## The records
********

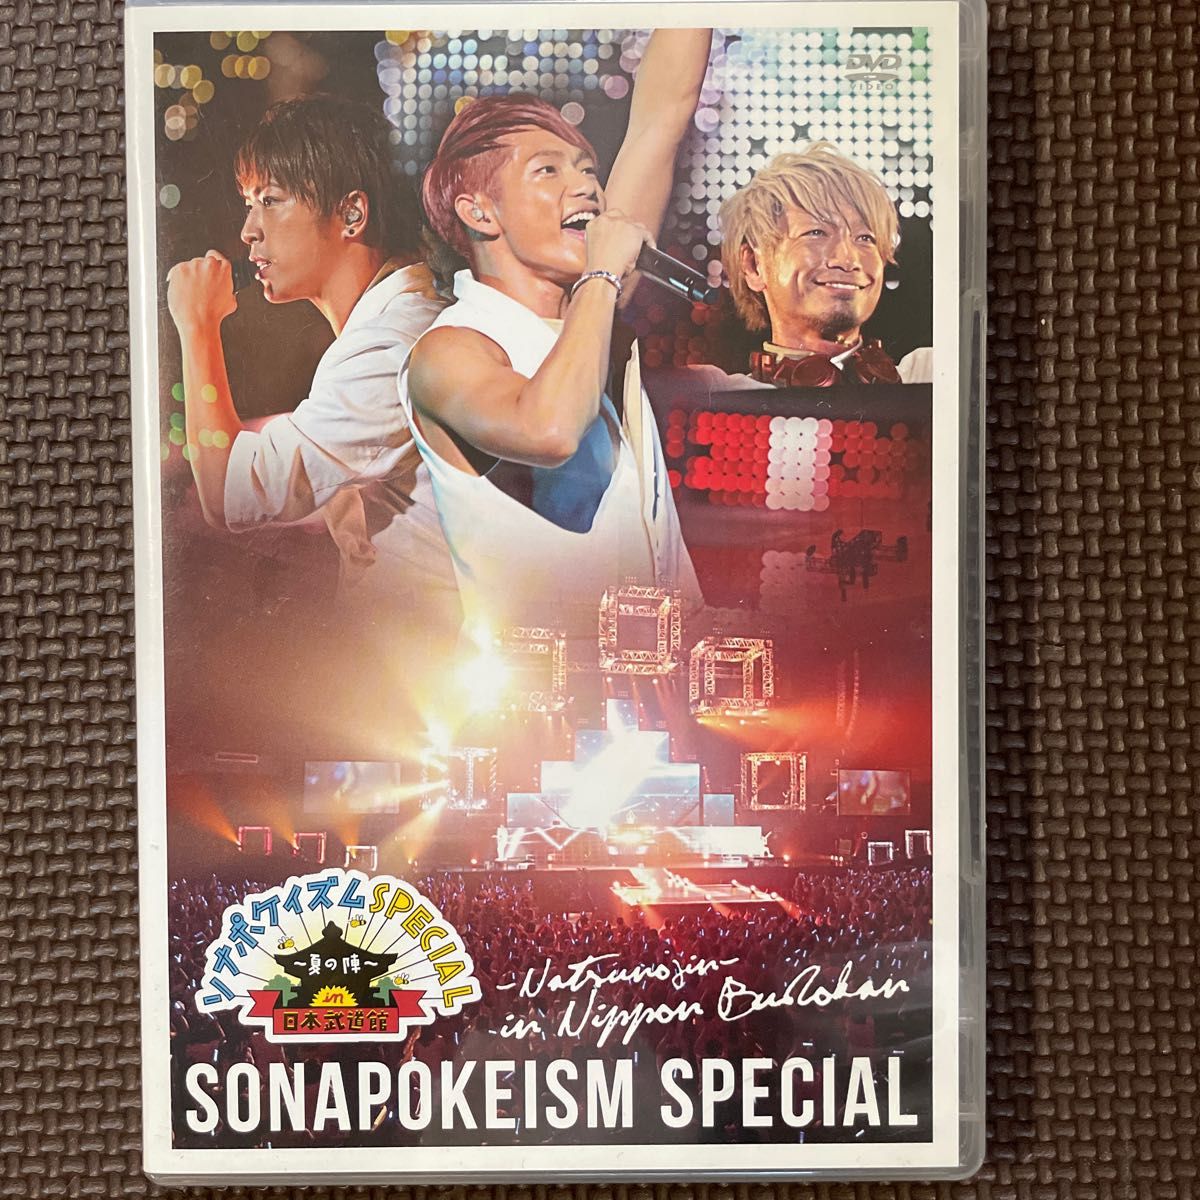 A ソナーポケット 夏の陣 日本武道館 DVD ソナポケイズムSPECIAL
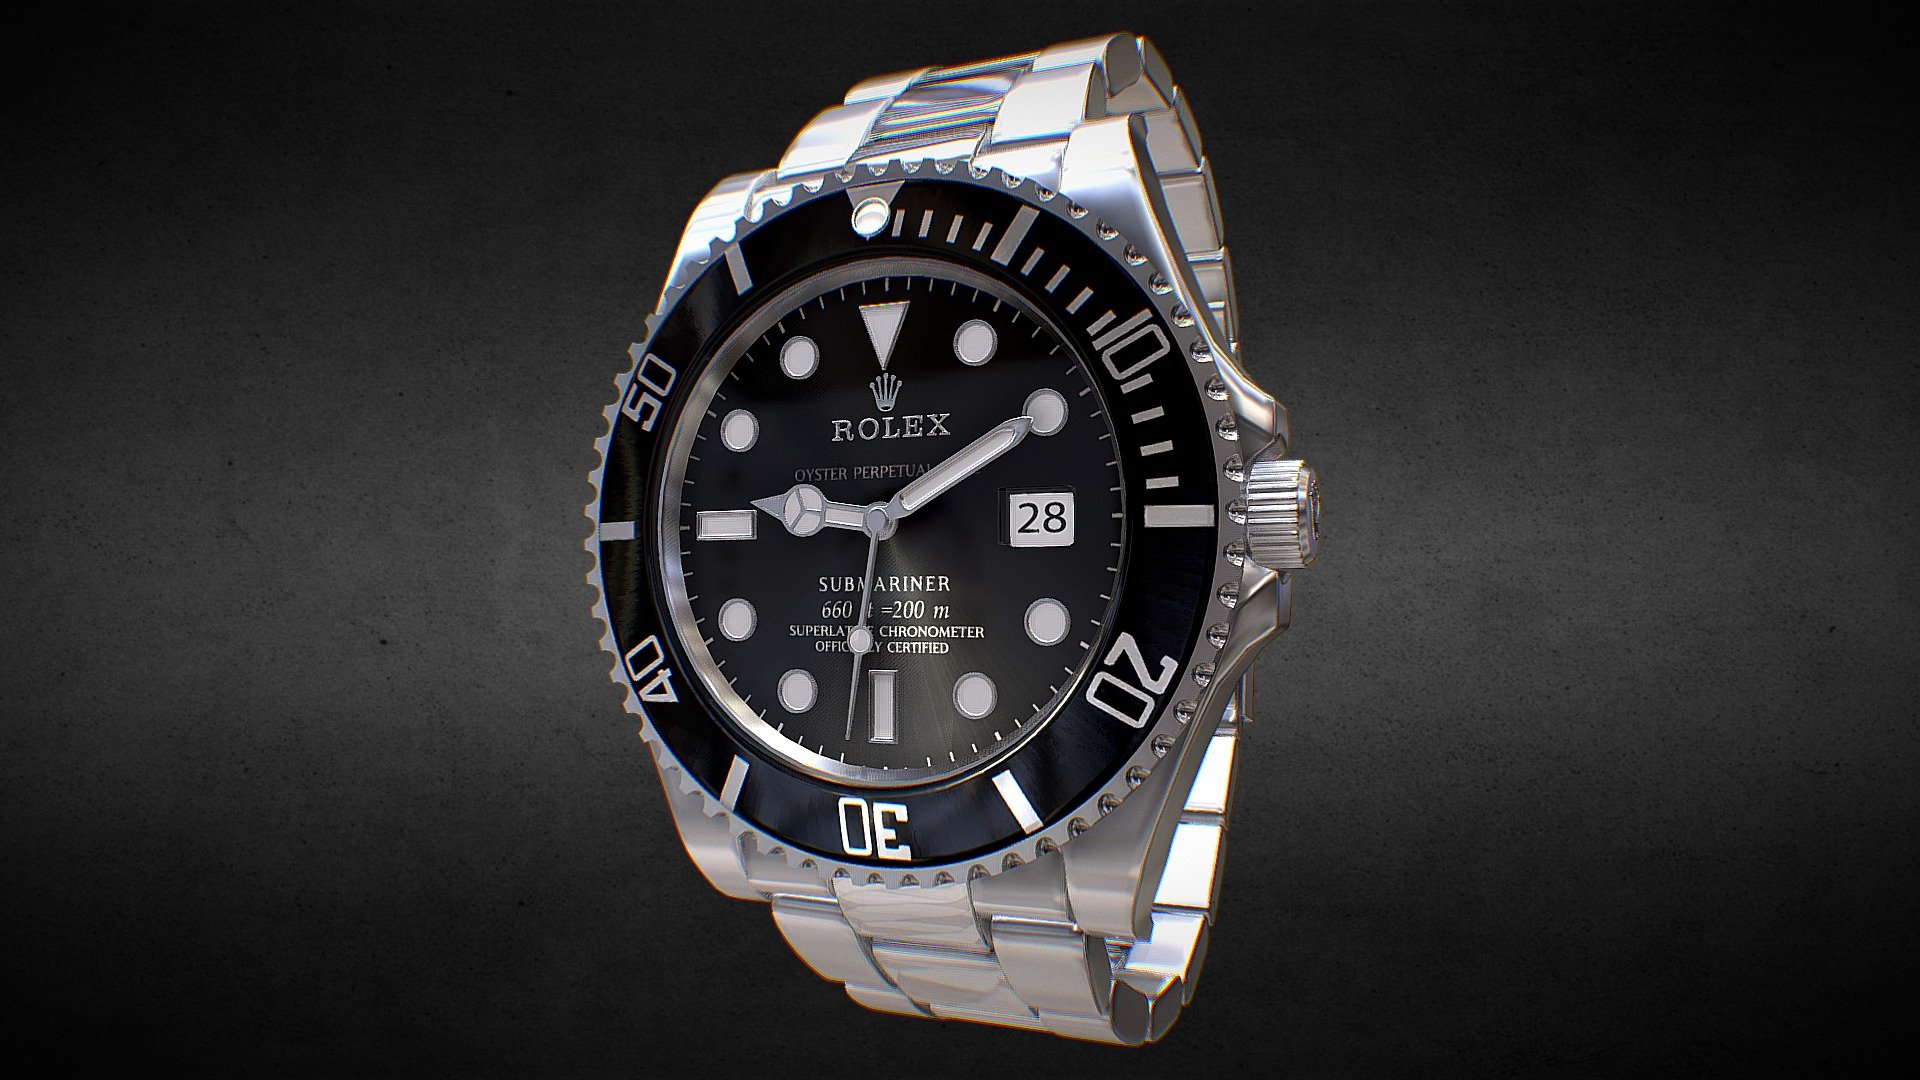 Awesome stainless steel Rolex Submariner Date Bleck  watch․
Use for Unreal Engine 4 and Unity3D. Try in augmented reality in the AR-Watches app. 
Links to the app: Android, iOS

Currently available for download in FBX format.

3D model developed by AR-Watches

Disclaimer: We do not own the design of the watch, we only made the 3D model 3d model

********

## Exercise prompt
All lines from the one that has "Currently available for" through the end of the material above should be returned exactly; omit the rest.

## Exercise result
Currently available for download in FBX format.

3D model developed by AR-Watches

Disclaimer: We do not own the design of the watch, we only made the 3D model 3d model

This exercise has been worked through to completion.